Mlliyet Milliyet Blog Milliyet Blog
 
Facebook Connect
Blog Kategorileri
 

16 Haziran '11

 
Kategori
Siyaset
 

Anayasa sürecinde bizi bekleyenler

Uzun süredir herkesin beklediği seçim süreci nihayet bitti. Fakat seçim sürecinin sonucu aşağı yukarı belli olmasına rağmen en çok beklenen kimin kaç milletvekili çıkaracaklarıydı. Hiç kuşkusuz anketlere baktığımızda bile oy oranları AK Parti için %50 civarlarını gösteriyordu ama bu 337 yi yakalayıp yakalayamayacağı kuşkusunu doğuruyordu. Nitekim de öle oldu ve AK Parti 326 milletvekilinde kaldı. Bunu iki şekilde okumak lazım. Birinci olarak halk hükümete dedi ki bizim desteğimiz sana ve oy oranımızla senin yanındayız. İkincisi ise biz sana oy atıyoruz destekliyoruz ama bu işi sen tek yapma meclis içinde çözüm bulunsun. İkinci seçenek üzerinde konuşulması gereken en önemli olay ise en son anayasa taslağında tüm grupların karşı olmasına rağmen milletvekili sayısı yettiği için halka götürebilen AK Parti şimdi nasıl bir strateji izleyecek. İçerideki gruplara baktığımız da iktidar partisi doğruyu söylesin ya da söylemesin hep aksini söylemeye çalışan bir muhalefet varken nasıl bir yol izleyecek. Kime hangi payda görüşme sağlayacak ve isteklere nasıl cevap verecek. Aslında bu süreç Türkiye için Cumhurbaşkanlığı seçimlerinde yaşanan süreç gibi çok karışık ve tedirgin edici olayların yaşanabileceği süreci gösteriyor. Bu da 2023 Türkiye vizyonu çerçevesinde düşünüldüğünde 100. yıl gelmeden eskiyi yeniden kurmak ve yeniden yapmak sürecinde tüm sorunların çözüme kavuşması için önemli bir dönemeç olarak gözüküyor. Çünkü Türkiye ne zaman başını kaldırsa hep belli başlı sorunlarla başına vuruluyor. Bunlarda genelde anayasal temelli sorunlar. Onlarda kürt sorunu, demokrati haklar, basın özgürlükleri , insan hakları gibi konular. Yeniden bunların düzenlenmesi ve gereken ihtiyaçlara çözüm üretmesi gerekiyor.
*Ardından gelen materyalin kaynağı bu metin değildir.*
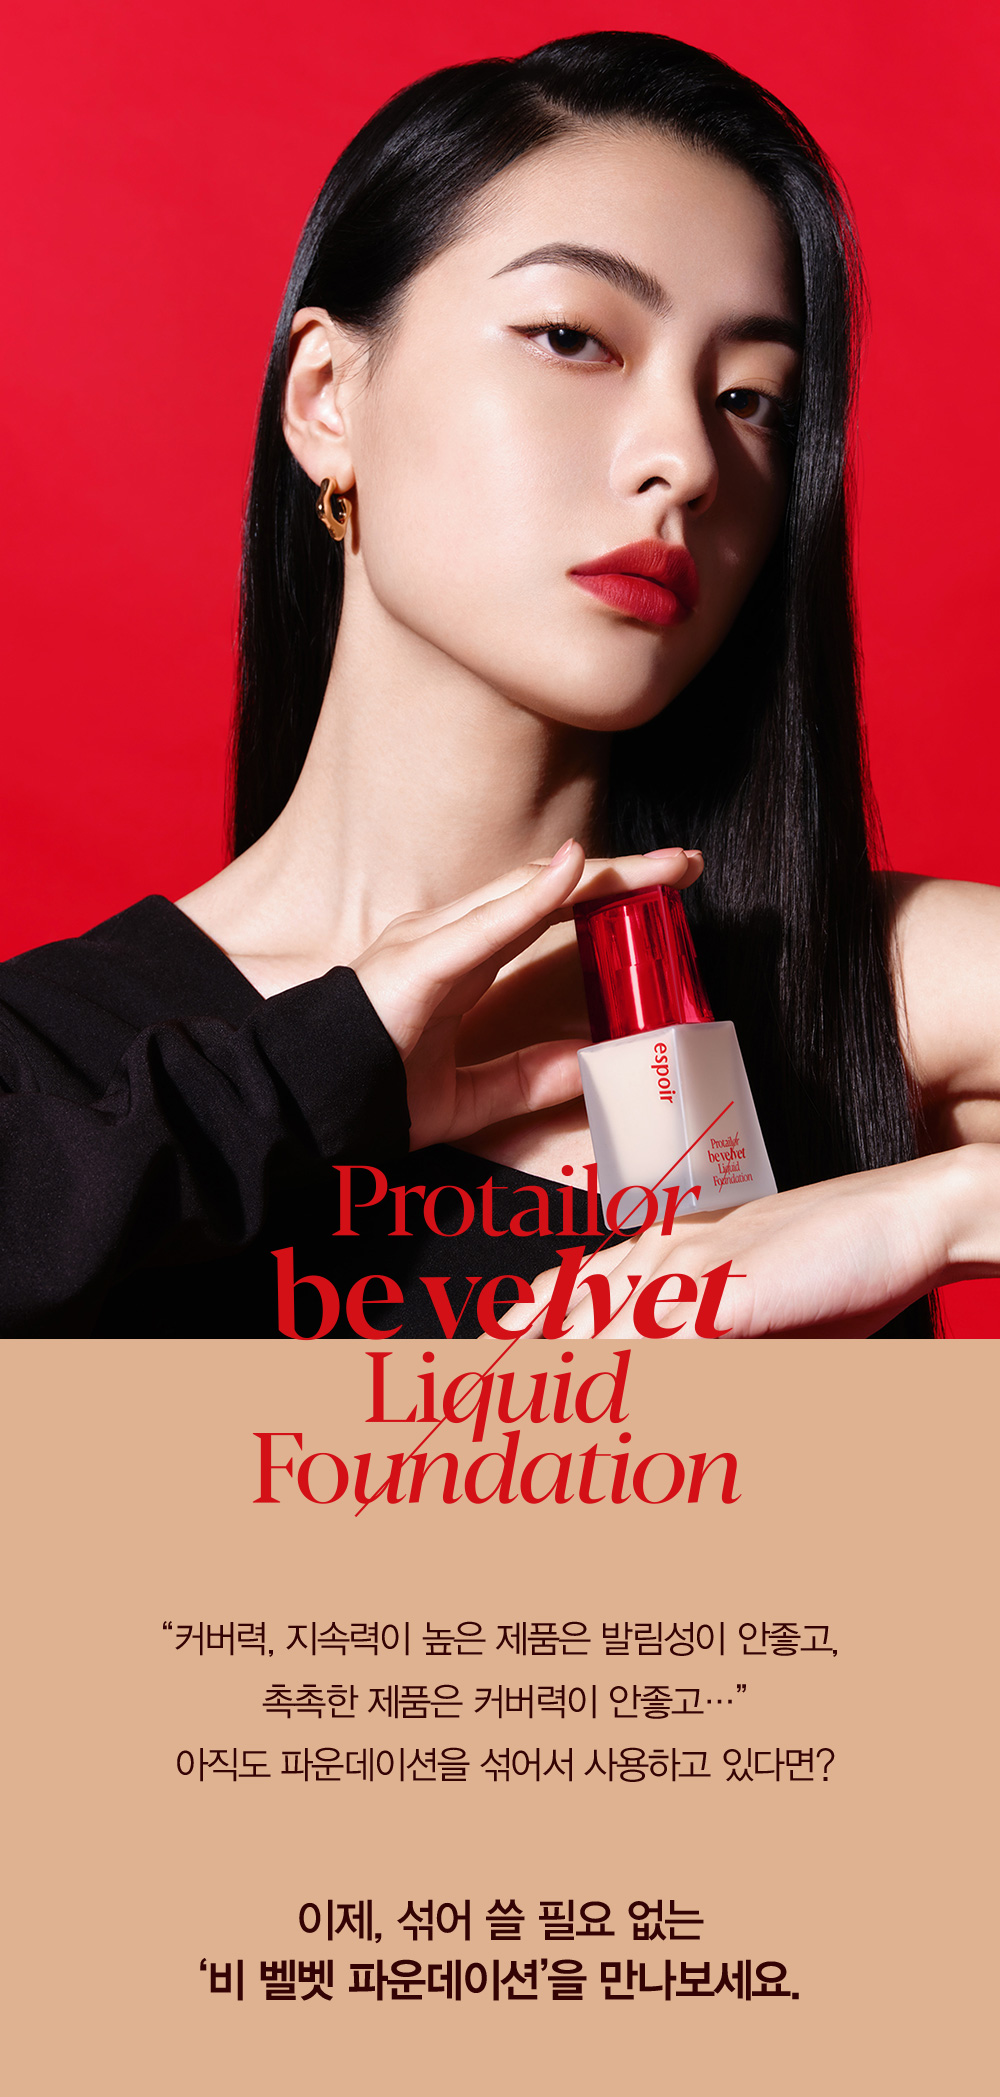 Protailor be velvet Liquid Foundation

Bu anlamda altında imzası olucaklar bir nevi kurucu meclis pozisyonunda görev yapacaklar. 

Son dönem gelişmelerde Türkiye'de anayasal sürecin entrikalı geçeceğine işaret ediyo. Bunu da şurdan anlıyoruz ki Zülfü Livaneli'nin 13 Haziran Vatan Gazetesi'nde yayınlanan köşe yazısı ile alakalı. Orada Haberal önderliğinde bir grubun CHP'den ayrılıp ya yeni bir parti kurup mecliste grup oluşturması ya da Demokrat Parti'yi yeniden şaha kaldırması bekleniyor. Yönlendirenin de Süleyman Demirel olduğunu söylüyor. Daha sonraki yazılarda bunun aksi ya da hayali olduğunu ifade etse de Süleyman Demirel'in sadece Haberal için özel istekte bulunduğuna dair ifadesi önemli. Çünkü ileride süreçte kilit rol oynayabilecek bir konuma ulaşabilirler. Cumhurbaşkanlığı sürecinde de gördüğümüz gibi Mehmet Ağar girmeyeceğiz dediyse de miletvekilleri onu dinlemediler ve salona girdiler. Aynı olayın anayasal süreçte de yaşanabilme ihtimali yüksek. Bunu tabi ki bekleyip görmek lazım. 

 
Toplam blog
: 2
: 328
Kayıt tarihi
: 06.06.11
 
 

1986 Giresun doğumluyum. İlköğretim ve Lise hayatımı Giresun da tamamladım. Daha sonra Kocaeli Ünive..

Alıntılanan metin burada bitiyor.